Critically, it’s always difficult to determine how to handle remakes. If the original was truly brilliant enough to warrant revived attention after the passage of decades, the comparison deck is impossibly stacked against the new version. If the remake is meant to be taken as its own movie, cut off from its cinematic roots (however obvious), it loses points almost automatically for milking a concept that’s already been done. Such a rock-hard place position is never so obvious – or so repeatedly encountered – in the Hollywood industry.

In the case of “Assault on Precinct 13,” the problem isn’t so much that the concept was done before, but was done before that, and again after that. John Carpenter’s 1976 original was itself a remake – though a competent, stylish one – of Howard Hawks’ “Rio Bravo,” a film whose defend-the-fort theme wasn’t considered groundbreaking even in 1959. For whatever reason, Carpenter himself went on to bring back “Precinct 13” (or, if you prefer, “Rio Bravo”) as 2001’s “Ghosts of Mars.” All this lends a certain degree of redundancy to Jean-Francois Richet’s 2005 update, which takes Carpenter’s film and, in a nod to modern sensibility, throws in such 21st-century amenities as SUVs, Ugg boots and an awkward plot-recapping end credit rap by KRS-ONE.

This time around, the location is switched from the seedy underbelly of 1970s Los Angeles to a stormy New Year’s Eve in Detroit. Mentally demolished by an undercover operation gone horribly awry, rattled cop Jake Roenick (Ethan Hawke) is sent to man Precinct 13, a decrepit police station mere hours away from permanent closure. As a result, the place is nearly devoid of equipment and staff; the sub-skeleton crew includes an unchaste secretary (Drea de Matteo), Jake’s employer-assigned therapist (Maria Bello) and a grumpy old-timer (Brian Dennehy) as close to retirement as Precinct 13 itself.

Scant hours before the ball drops, the increasingly heavy snowstorm forces a prison bus containing, among a group of generic thugs, laconic crime lord Marion Bishop (Laurence Fishburne) to drop its payload at the near-abandoned station. The convicts locked away in Precinct 13’s cells, the shift progresses relatively easily, that is, until a seemingly numberless legion of heavily armed intruders descend upon the old building who, for their own set of reasons, need everyone inside it to die as quickly as possible.

Replacing the 1976 movie’s ragtag multiracial street gang is a Gabriel Byrne-led collection of corrupt cops who fear that Bishop, if he survives the night, will finger them in court and send whatever embezzlement scam it is they’ve got going straight down the drain. Doubtless they needed the extra cash for their weapons alone; where the attackers in the original wore little more than sleeveless T-shirts for protection, Richet’s interpretation arms them to the teeth and beyond. Loaded down with what must be a hundred pounds each of armor and gadgetry, these boys in blue more closely resemble murderous androids from the future. This increases the perceived threat to the “good guys,” though it makes one wonder why they can’t get the job done better.

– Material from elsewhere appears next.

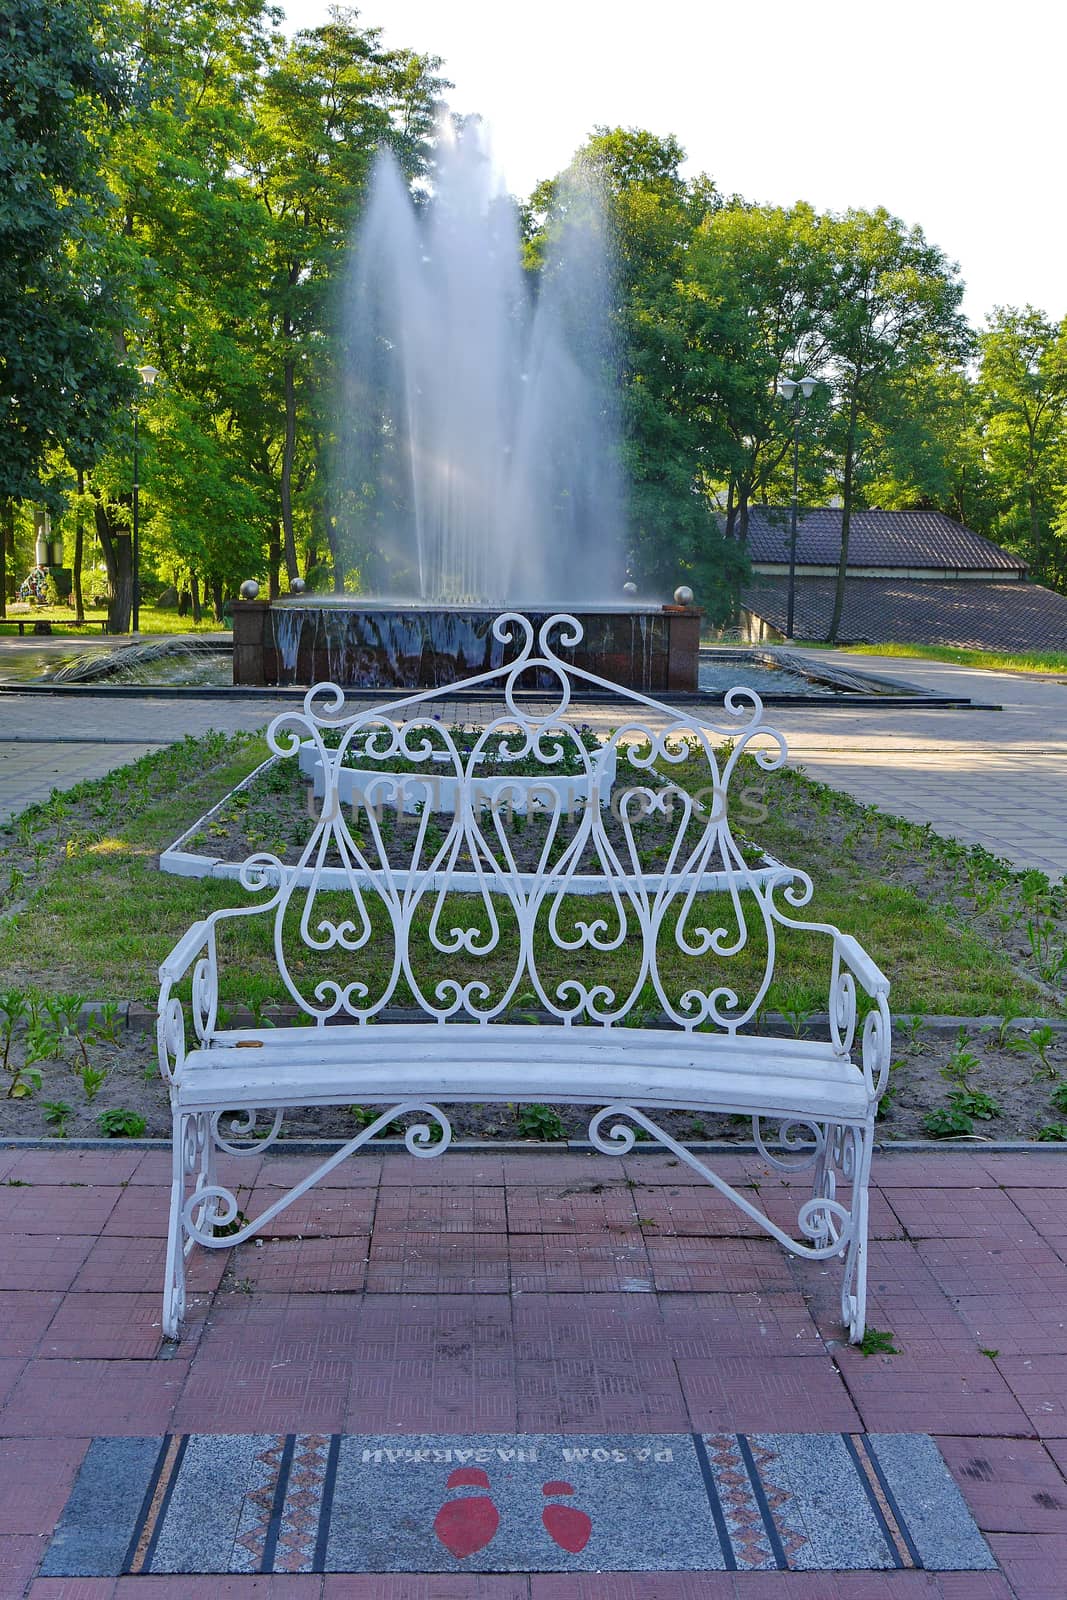 Elegant white bench with a curved back standing in a park near a green lawn in front of a beautiful fountain with clear water jets.

Desperate times requiring desperate measures, the cops and the crooks must temporarily join forces in order to most effectively battle their mutual adversaries. Sadly, the opportunity these circumstances provide for creative mayhem is all but ignored. To be sure, there are moments of inspiration – a convict brings a confiscated prohibition-era fifty-round Tommy Gun into play, Bishop effectively uses Molotov cocktails as close-combat weapons – though these prove to be only brief bits of innovation between long stretches of standard gunplay.

Despite several points of congruence scattered throughout the film, the new “Assault on Precinct 13” consistently fails to be as engaging as the old “Assault on Precinct 13,” despite the fact that it was clearly produced on at least 30 times the budget. The first film made the evocation of its unique mood seem easy by maintaining its tense, claustrophobic feel the whole way through and setting the action to a driving synthesizer score, both Carpenter trademarks. The second takes a big step toward the generic, and, while it technically contains both music and a certain “feel,” neither are memorable.

Perhaps I come off as a cynical fanboy unable to accept the current trends in action film. Nevertheless, the movie posters of the two existing versions of “Assault on Precinct 13” may say all that needs to be said about the quality (and focus) differentiation between the two films. The original bears an imposing, almost frightening hand-painted image of a gun-wielding menace towering a thousand stories tall over the red Los Angeles skyline. The remake’s poster shows nothing but the grimacing faces of Hawke and Fishburne, as if to say, “But… but… we have stars!”